Publiée le 17 mars 2025 par l’Informé, l’information est tombée : X.com (anciennement Twitter) a obtenu in extremis un sursis dans la procédure l’opposant à l’Agence France Presse (AFP) au sujet des « droits voisins ». Au cœur de ce bras de fer : la rémunération exigée par l’AFP pour l’exploitation de ses contenus (dépêches, photos, etc.) sur le réseau social. Retour sur les faits et sur la réglementation encadrant ces droits en France et en Europe.
Une affaire à rebondissements
D’après l’Informé, l’AFP, estimant que X.com ne lui avait pas transmis à temps les données permettant d’évaluer la valeur générée par la reprise de ses contenus, avait réclamé 266 000 euros d’astreintes pour compenser le retard. Le tribunal judiciaire de Paris, qui avait initialement ordonné à la plateforme de communiquer ces informations en juin 2024, a préféré repousser sa décision, laissant le soin aux deux parties de s’expliquer lors d’une nouvelle audience programmée mi-mai.
Juste avant la comparution, la société d’Elon Musk a finalement transmis un fichier qui recense notamment :
- Les audiences des tweets postés par l’AFP
- Les retweets et partages des contenus de l’agence
- Les revenus publicitaires générés en France sur ces publications
Aux yeux du juge des référés, ce geste tardif méritait un examen approfondi plutôt qu’une sanction immédiate. Si la plateforme échappe pour l’instant à la lourde pénalité, le dossier demeure ouvert et sera réétudié dans les semaines à venir.
Les droits voisins : un cadre européen récent
Ces démêlés s’inscrivent dans le sillage d’une directive européenne de 2019 sur le droit d’auteur, transposée en France fin 2019. Outre la protection des œuvres, ce texte crée un droit voisin pour les éditeurs et agences de presse, censé compenser la reprise de leurs articles, photos ou vidéos sur les plateformes numériques. Cette mesure répond à la crainte que des géants du web profitent de la notoriété de médias sans rémunérer leurs productions.
En pratique, les éditeurs de presse et agences sont donc en droit d’exiger une rétribution lorsqu’un moteur de recherche, un réseau social ou un agrégateur diffuse ou référence leurs contenus. Pour les professionnels de l’information, ces ressources financières sont jugées indispensables à la pérennité d’un secteur en pleine mutation.
Une régulation complexe
Si l’enjeu est clair – garantir la juste part des revenus engendrés par la réutilisation des contenus –, sa mise en œuvre se heurte à plusieurs écueils :
Tout d’abord la quantification des gains. Il s’agit en effet de mesurer précisément l’apport financier d’une dépêche ou d’un article partagé sur une plateforme est un exercice difficile.

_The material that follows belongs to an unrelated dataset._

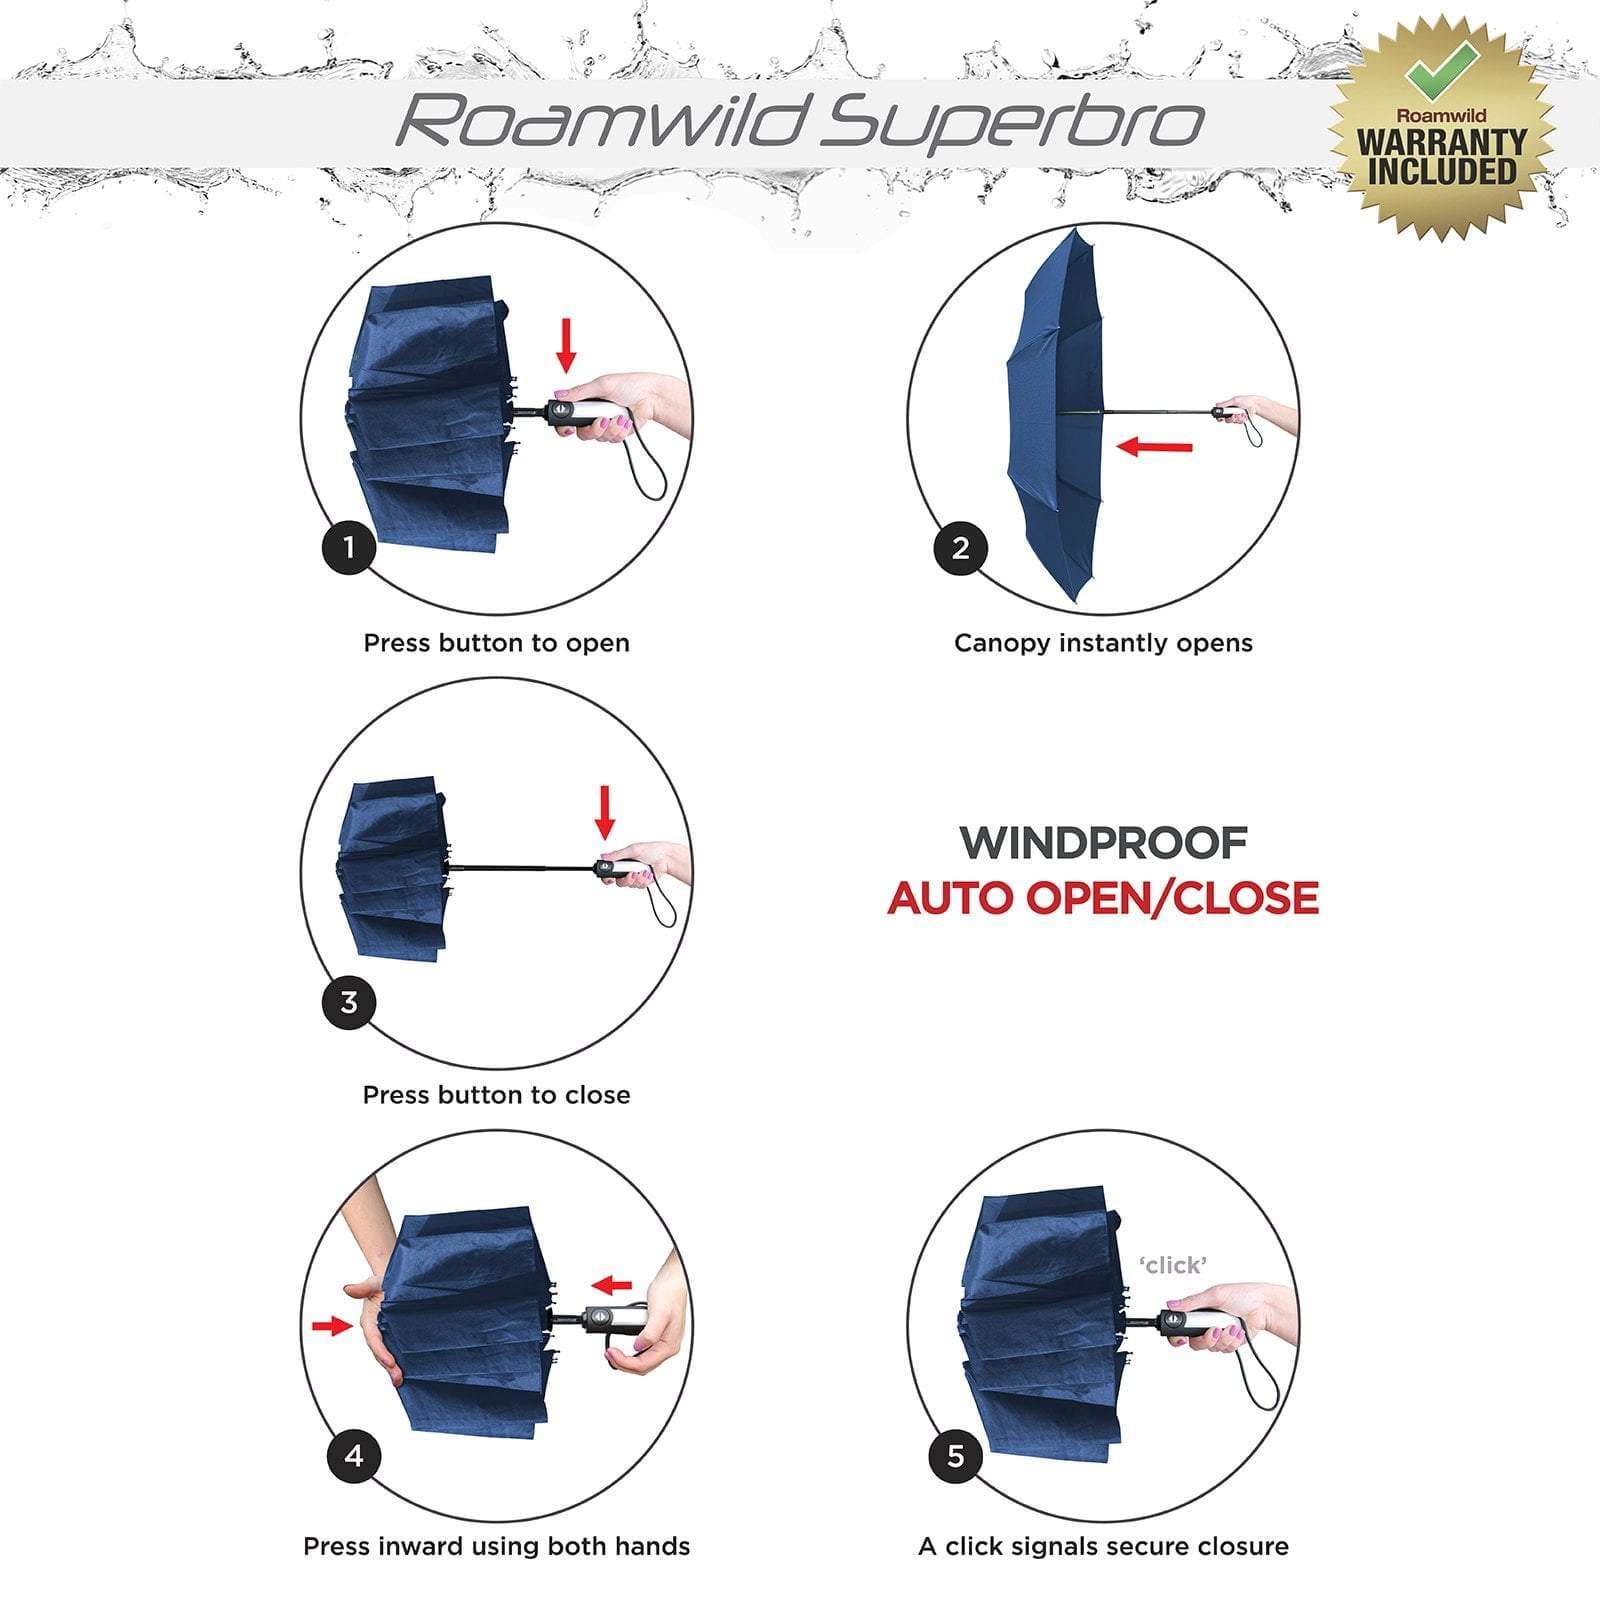 Roamwild SuperBro Folding Travel Umbrella - Roamwild

Dans le même temps, il est requis un minimum de transparence et pour cela, les plateformes et médias doivent collaborer pour échanger des données parfois sensibles (nombre de clics, revenus publicitaires, etc.).
Enfin, les différents États membres de l’Union européenne ont transposé la directive de 2019 à leur manière, ce qui complique les négociations avec des groupes présents dans plusieurs pays.
Dans le cas de l’AFP, l’agence ne réclame pas seulement une indemnisation forfaitaire : elle exige de connaître dans le détail l’ampleur de la diffusion de ses contenus, afin d’évaluer son manque à gagner.
Des tensions accrues outre-Atlantique
l’Informé rappelle également que d’autres médias français (Le Monde, Le Figaro, etc.) ont attaqué X.com pour les mêmes motifs. De plus, le climat se crispe aux États-Unis, où la conseillère Kari Lake – proche de Donald Trump – aurait décidé d’annuler certains abonnements auprès de grandes agences, dont l’AFP. Dans ce contexte, l’issue du litige entre la plateforme d’Elon Musk et l’agence de presse française sera particulièrement scrutée, tant par les éditeurs de presse que par les régulateurs nationaux et européens.
Une suite judiciaire à surveiller de près
Si X.com a pu éviter pour l’instant de s’acquitter des astreintes, l’issue finale demeure incertaine. D’un côté, l’AFP insiste sur l’urgence à obtenir une rémunération conforme à la directive européenne. De l’autre, la plateforme défend sa démarche, arguant qu’elle a toujours agi de bonne foi.
Au-delà de ce duel, ce sont les principes de la « juste rémunération » et de la répartition de la valeur dans l’écosystème numérique qui sont en question. Le prochain rendez-vous au tribunal, prévu mi-mai, sera donc décisif : il pourrait affiner la doctrine française – et peut-être européenne – sur ces droits voisins, encore jeunes mais déjà fortement contestés par les géants du web.